The image transmission apparatus 10 described with reference to FIG. 3 generates the first image 34 and the second image 35 by copying an image captured using the single imaging optical system 11 and the single image sensor 12. The first image 34 and the second image 35 can be captured using a plurality of different imaging optical system 11 and image sensors 12, instead. FIG. 7 illustrates an example of the configuration of such an image transmission apparatus 10A. In the following description of the image transmission apparatus 10A, parts different from the image transmission apparatus 10 illustrated in FIG. 3 will be described, and description of the same parts is partially omitted.

As illustrated in FIG. 7, the image transmission apparatus 10A includes a first imaging optical system 11a, a first image sensor 12a, a second imaging optical system 11b, and a second image sensor 12b. The image transmission apparatus 10A also includes the first video processing unit 13, the first wireless communication unit 14a, the second wireless communication unit 14b, the first antenna 15a, and the second antenna 15b. The first video processing unit 13 includes a first video adjustment section 17a, a second video adjustment section 17b, and the video separation section 18. The first imaging optical system 11a and the first image sensor 12a can also be called a first imaging unit. The second imaging optical system 11b and the second image sensor 12b can also be called a second imaging unit.

The first imaging optical system 11a and the first image sensor 12a shoot the first video. The second imaging optical system 11b and the second image sensor 12b shoot the second video. The first imaging optical system 11a and the second imaging optical system 11b may have different optical characteristics. For example, the second imaging optical system 11b may include a lens with an angle wider than that of a lens included in the first imaging optical system 11a. That is, the second imaging optical system 11b may be capable of forming a video with a field of view wider than that of a video formed by the first imaging optical system 11a. The first image sensor 12a and the second image sensor 12b may also be different from each other. For example, the second image sensor 12b may be an image sensor whose number of pixels is larger and whose pixel density is higher than those of the first image sensor 12a. In this case, the resolution of the second image 35 included in the second video can be higher than that of the first image 34 included in the first video.

FIG. 8 is a diagram illustrating an example of a drone, which is a mobile object 30A on which the image transmission apparatus 10A is mounted. As illustrated in FIG. 8, the image transmission apparatus 10A mounted on the mobile object 30A may include the first imaging optical system 11a for capturing an image of a scene downward in a traveling direction of the mobile object 30A and the second imaging optical system 11b for capturing a scene downward 360 degrees around the mobile object 30.
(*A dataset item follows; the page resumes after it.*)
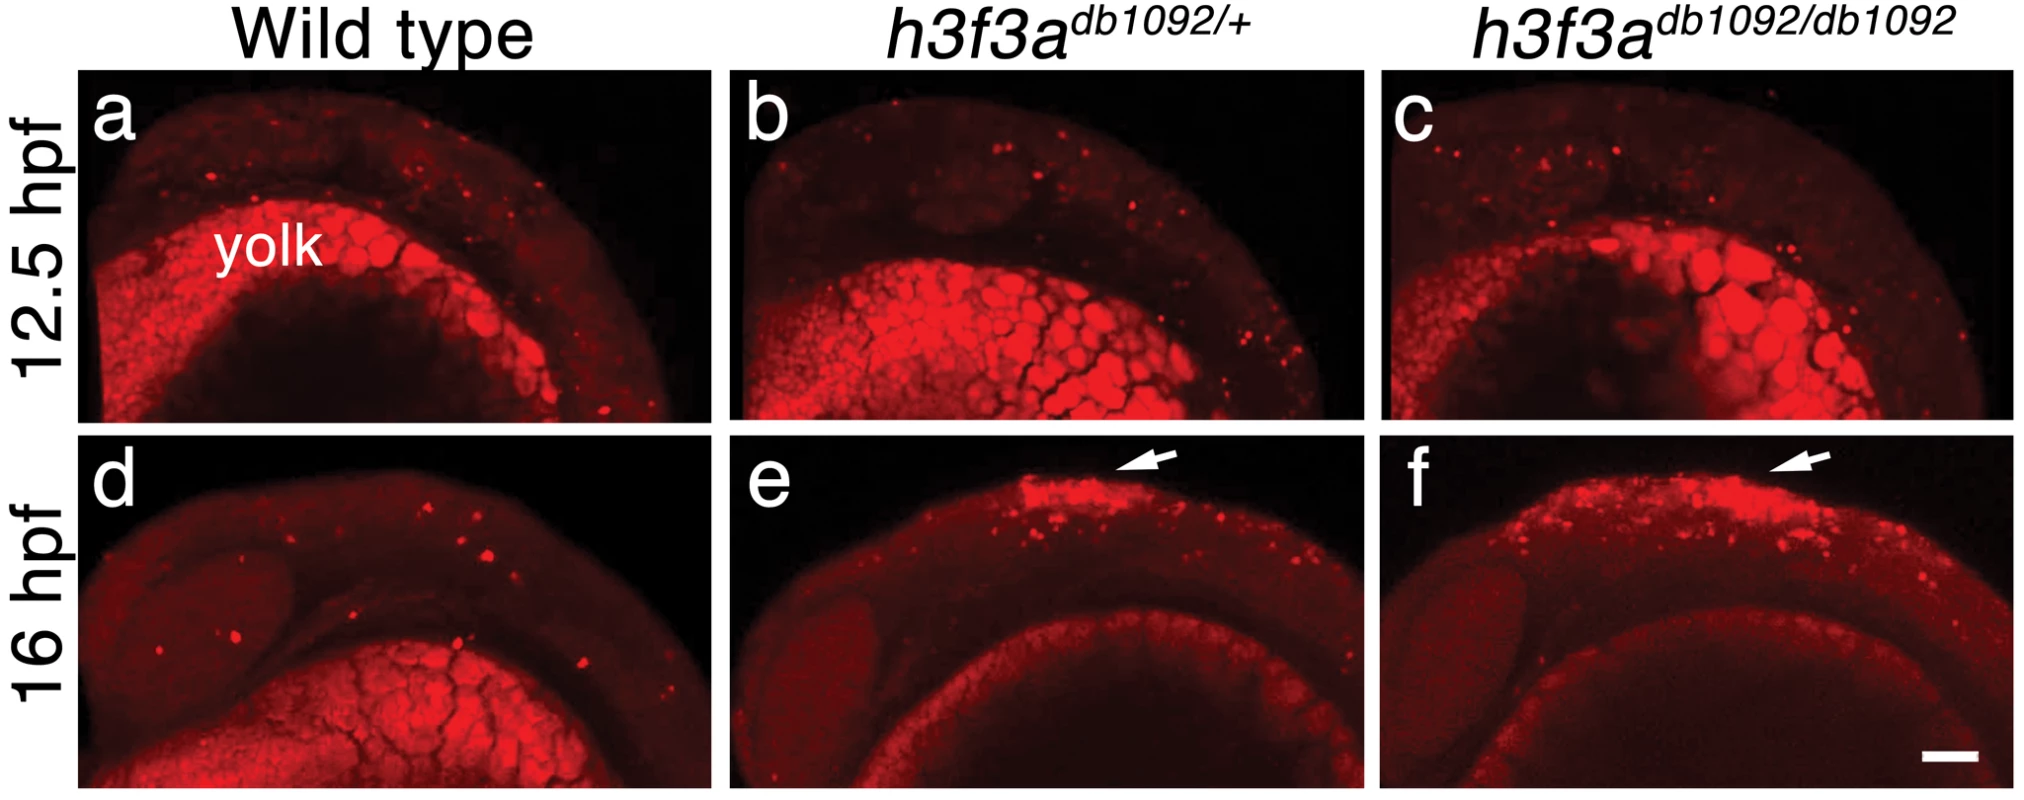 Cell death in <i>h3f3a<sup>db1092</sup></i> embryos.
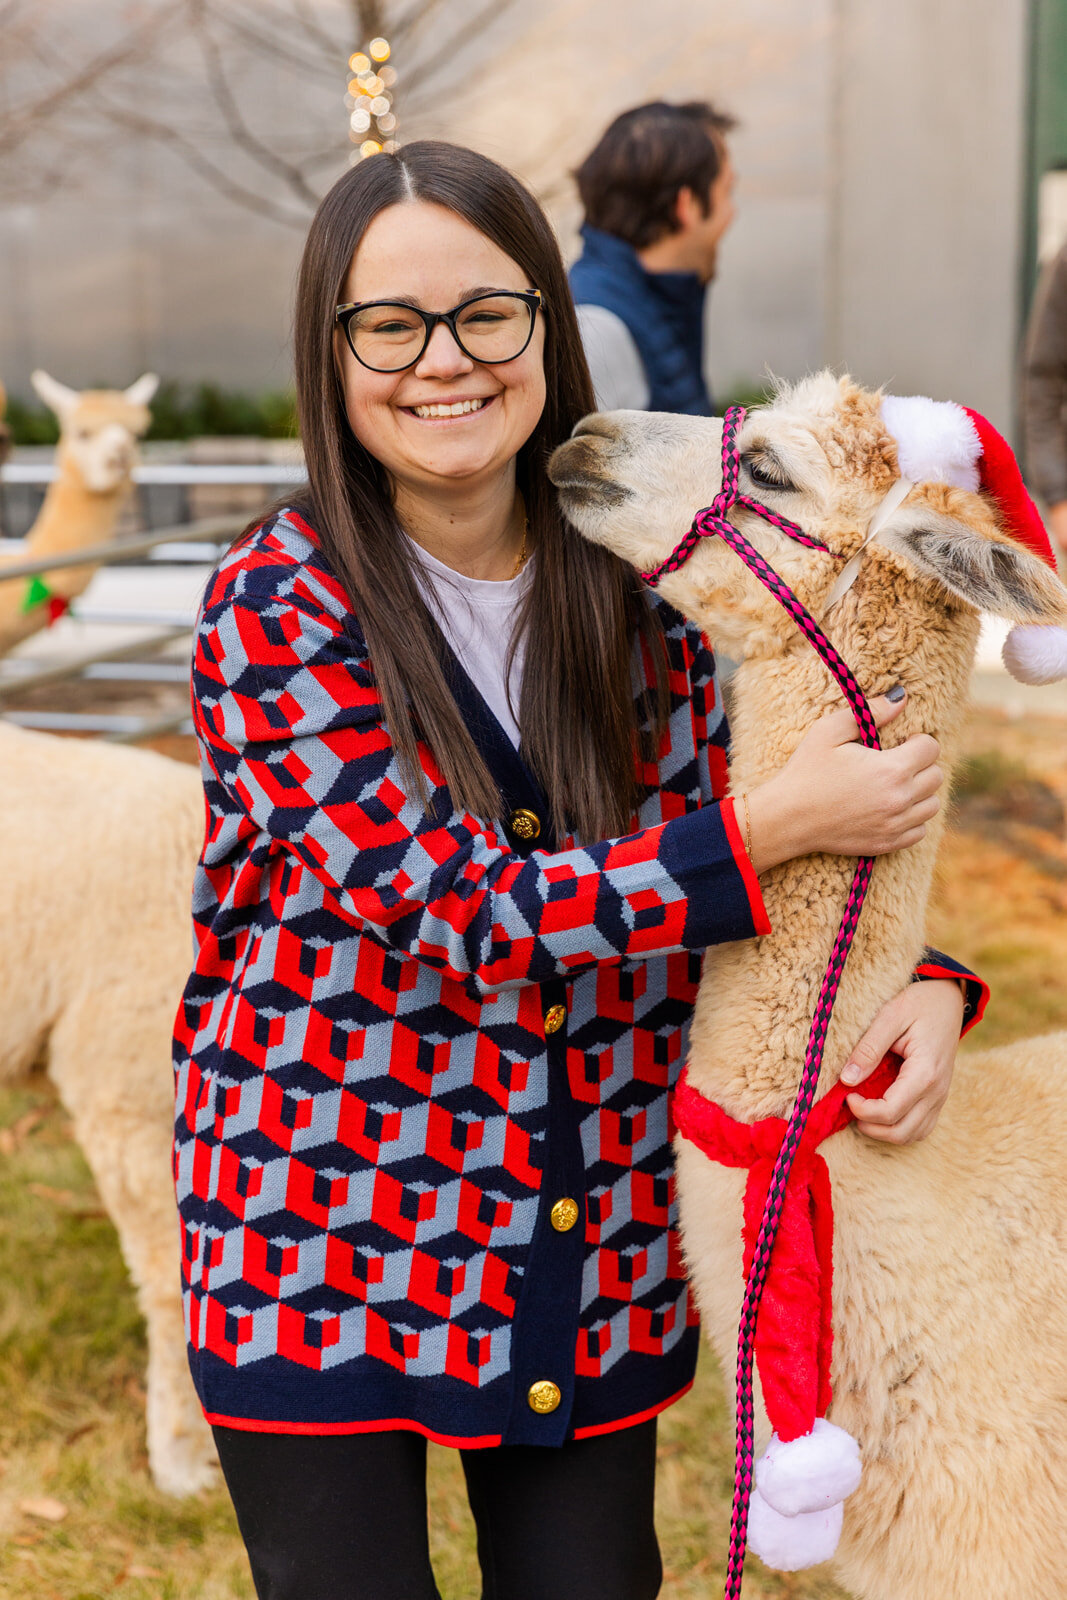 AFC woman employee posing with a lama during building management holiday party event photographer Laure Photography

As with the video adjustment section 17 illustrated in FIG. 3, the first video adjustment section 17a and the second video adjustment section 17b are configured to perform various types of adjustment on raw data regarding videos output from the first image sensor 12a and the second image sensor 12b, respectively.

The video separation section 18 outputs a video signal adjusted by the first video adjustment section 17a to the first wireless communication unit 14a as the first video signal 32. The video separation section 18 outputs a video signal adjusted by the second video adjustment section 17b to the second wireless communication unit 14b as the second video signal 33. Since, unlike in FIG. 3, the first video signal 32 is transmitted to the image processing apparatus 20 as an original digital video signal in FIG. 7, the DAC 16 is not provided. In the image transmission apparatus 10A illustrated in FIG. 7, too, the DAC 16 may be provided, and the DAC 16 may convert the first video signal 32 into an analog signal and transmit the analog signal to the image processing apparatus 20, instead. In this case, an image processing apparatus 20A, which will be described later, is provided with the same ADC 25 as that illustrated in FIG. 5.

The amount of data of the second video signal 33 transmitted per unit time is larger than that of the first video signal 32. For example, the amount of data of the second video signal 33 may be twice, fifth, or tenth or more as large as that of the first video signal 32. The video separation section 18 may add timing information to the first video signal 32 and the second video signal 33. In the image transmission apparatus 10A illustrated in FIG. 7, the first video signal 32 and the second video signal 33 are both transmitted to the image processing apparatus 20A (refer to FIG. 9) as original digital signals. The timing information may be added to the first video signal 32 and the second video signal 33.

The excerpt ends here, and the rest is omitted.